“姜姑娘,饶命啊,满京城都在说,不只是我们,求姜姑娘别跟我们计较。”
“你说什么,满京城都在说?”姜倾梧脑子嗡的一声,随即突然意识到了什么,转身大步而去。
“姑娘……”星儿喊着,拉了一把挽月疾步追了出去。
“姑娘,你别生气,都是些闲言碎语,不会有人当真的。”
“是啊,你越是生气,岂不是越让那些人得意嘛。”
两个人紧跟着姜倾梧连连劝道,可姜倾梧却一直没说话,一路疾步匆匆,去了上城街,街北角的说书先生那。
“挽月,去通知洛鸣,叫他来见我,本姑娘有事叫他做。”
挽月微微俯首,转身匆匆而去。
一旁的星儿见姜倾梧脸色阴沉的看着远处,也不禁有些不安。
那说书的摊位,正热闹,围了无数的人,正听的起劲。
“听说啊,为了这桩事,咱们姜家姑娘,重罚了那宫婢,先割舌头,后打折了腿,可不曾想,这桩事竟稀里糊涂的传了出来。”
“这京城名医凡是去过摄政王府的,都被封了口,也不知这事是真,是假……”
说书先生正说着,忽的晃见了什么,随即“啪”的一声,将扇子砸在桌上,“欲知后事如何,且听下回分解……”
“咦,怎么就没了……”众人唏嘘着,纷纷散去。
说书先生见姜倾梧黑着脸,吓得忙起身赔笑,“姜姑娘有礼。”
“庄又问,你胆子不小啊。”姜倾梧声厉面冷,坐在桌边冷眸看了过去。
庄又问连连求饶,就差下跪了,“我的主子哎,我可跟您保证,我绝对没有胡乱说话。”
“有人掏了银子,雇了满城说书的,我若是单单不接这银子,岂不是告诉他们,我是您的人嘛。”
“谁掏的银子。”姜倾梧厉声问道。
庄又问环顾四周,小声的朝姜倾梧凑了过去,“虽说来的人不认识,但小人敢肯定,是沈家的人。”
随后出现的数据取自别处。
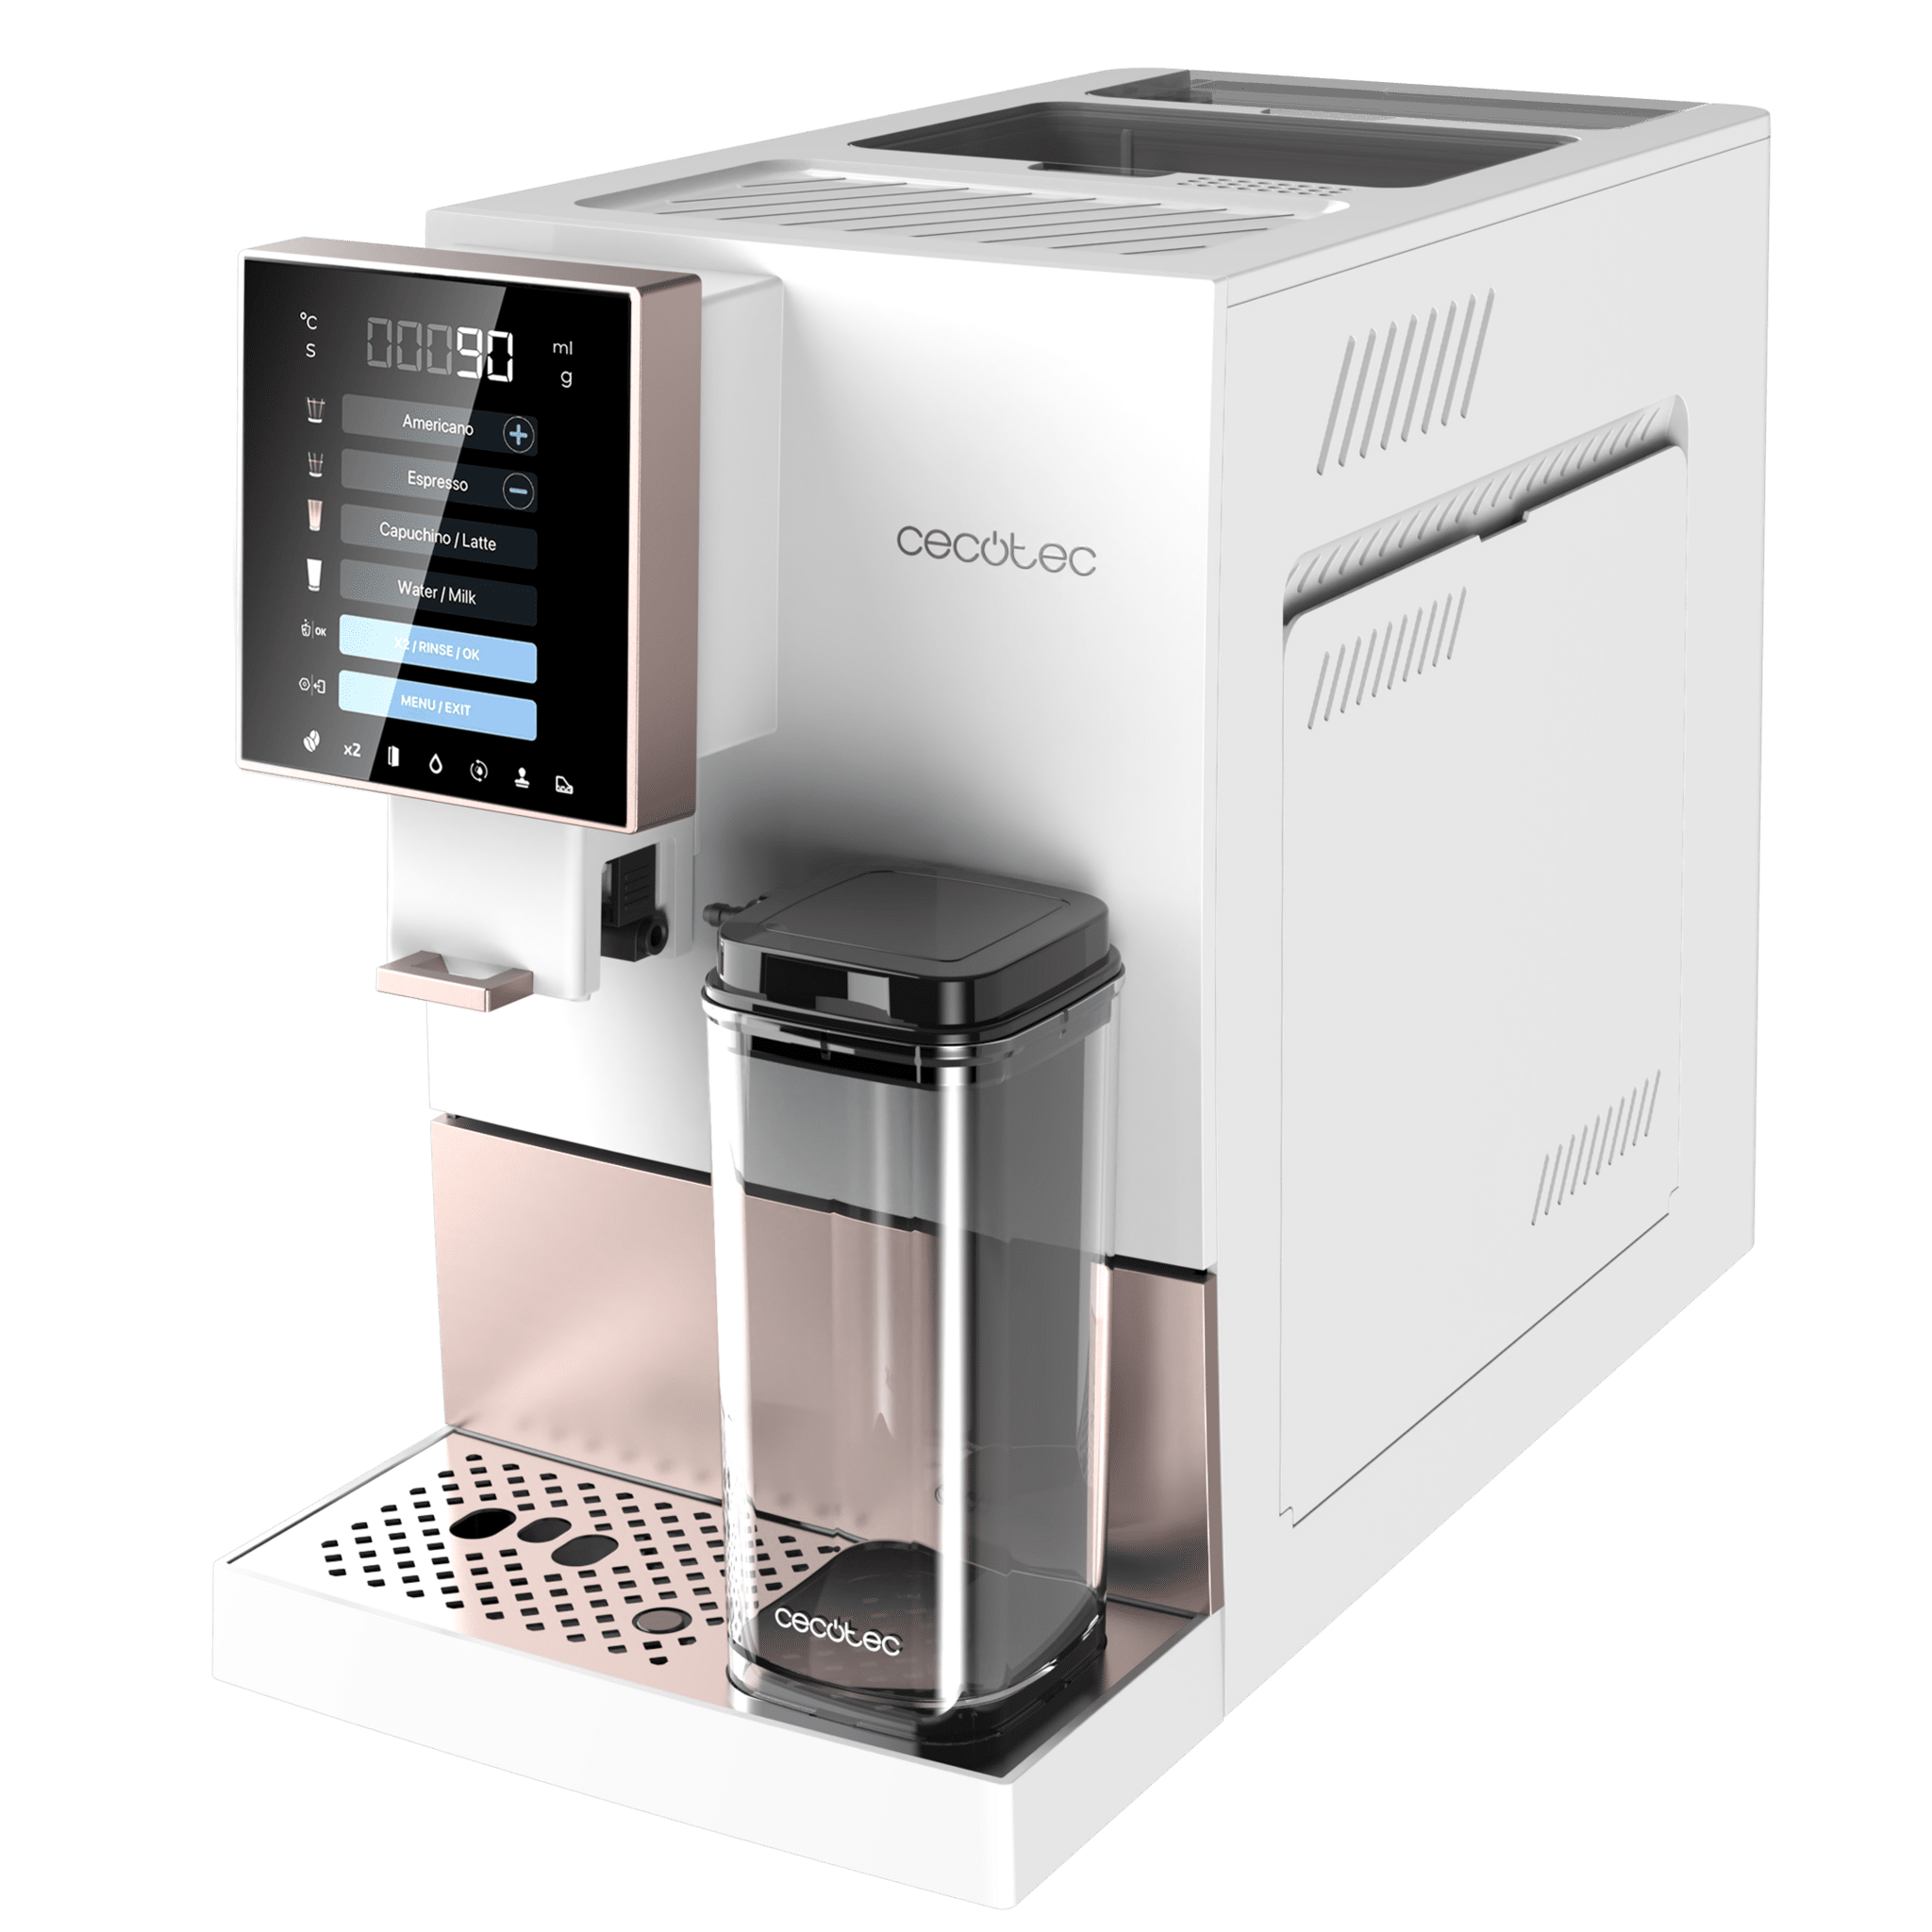 Macchina da caffè Power Matic-ccino Serie 6000 Nera Cecotec — Rehabilitaweb
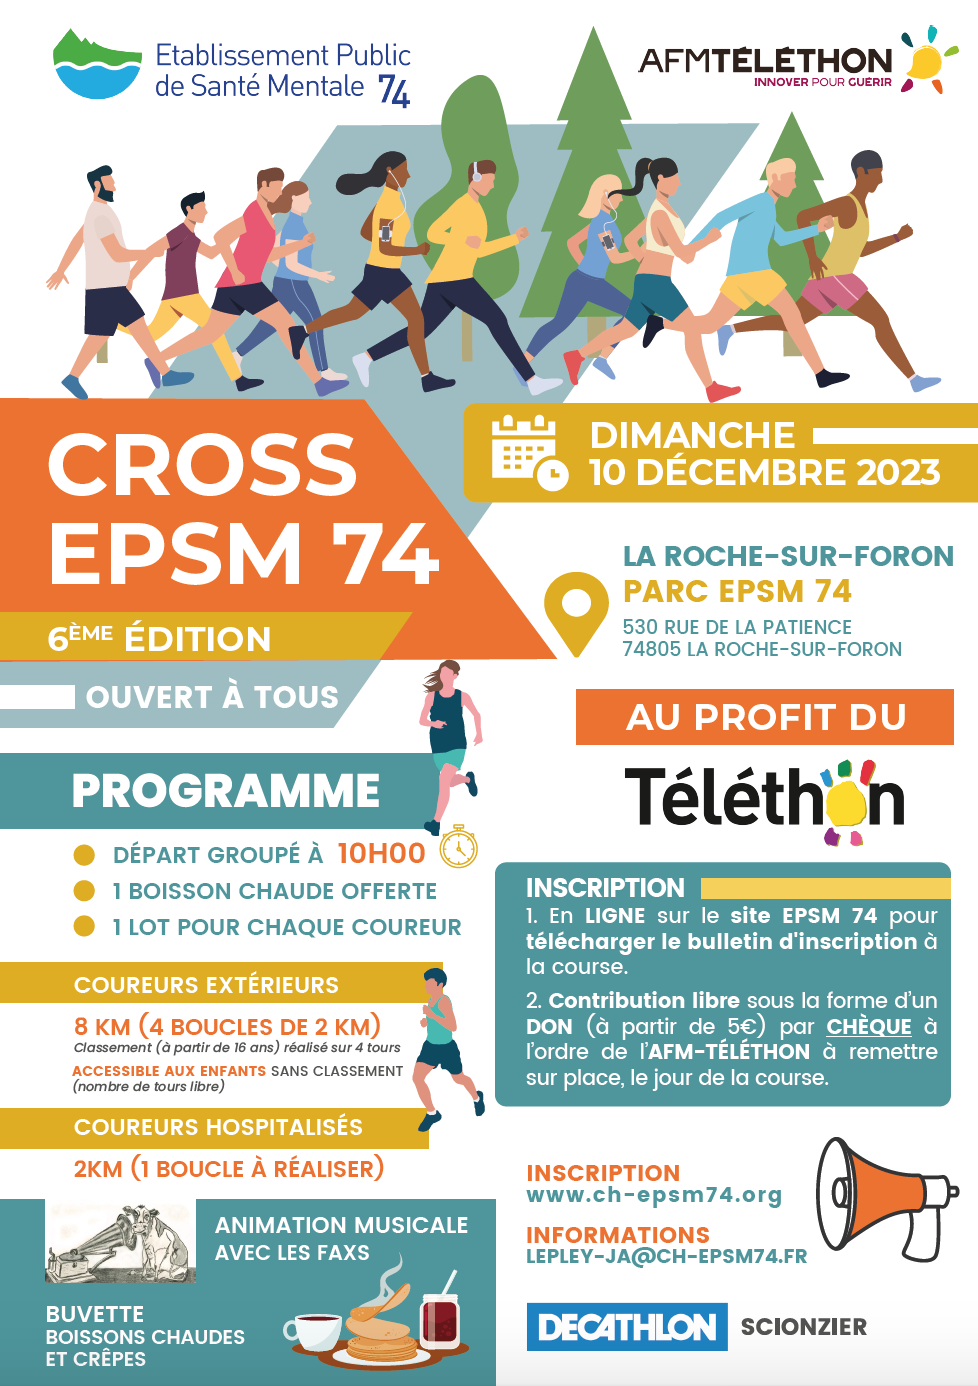 Cross EPSM 74

“其实不用小人说,您也知道是她,如今不光是我这,这天桥,酒楼,茶楼,戏院,都在说呢。”
“以小人的意思,您要是拿银子平事,怕是不要捂大家的嘴。”
姜倾梧暗暗叹了口气,若有所思的将腿直接放在了桌上。
“银子是不好捂嘴,但能收买人心。”
“沈婉蓉,本想让你好好多活几天,你非要讨不自在,就别怪我不客气。”姜倾梧喃喃着,抬眼看向庄又问。
说着,姜倾梧朝庄又问勾了勾手,朝其压低了声音,“听说……沈家姑娘……丢了!”
……
夜幕降临,起了凉风,城中最热闹的上城街上,也没什么人了。
沈婉蓉的车驾从三皇子府出来的时候,已经是亥时三刻了。
马车辘辘,不紧不慢的走在街上,声音格外刺耳。
“姑娘,这个时间了,您怎么又要回府,不如早些在三皇子那休息。”沈婉蓉的心腹阿春倒了茶朝沈婉蓉递了过去。
沈婉蓉打了个哈欠,接过了茶杯,满脸愁容,“燕凛说,想去做和谈使,想要父亲帮他联名其他朝臣,举荐他去。”
“奴婢也听说了,西昌国是战败国,此次和谈是个白来的功劳。”
“还是有些风险的,到时候,让大哥陪他去,应该是没什么……”
“吁……”车夫疾呼,伴着一声马的嘶鸣声,马车也骤然停了下来。
沈婉蓉和阿春踉跄着坐定,还没回过神来,外面便传来粗犷的喊声。
“此路是我开,此树是我栽,要想过此路,留下买路财!”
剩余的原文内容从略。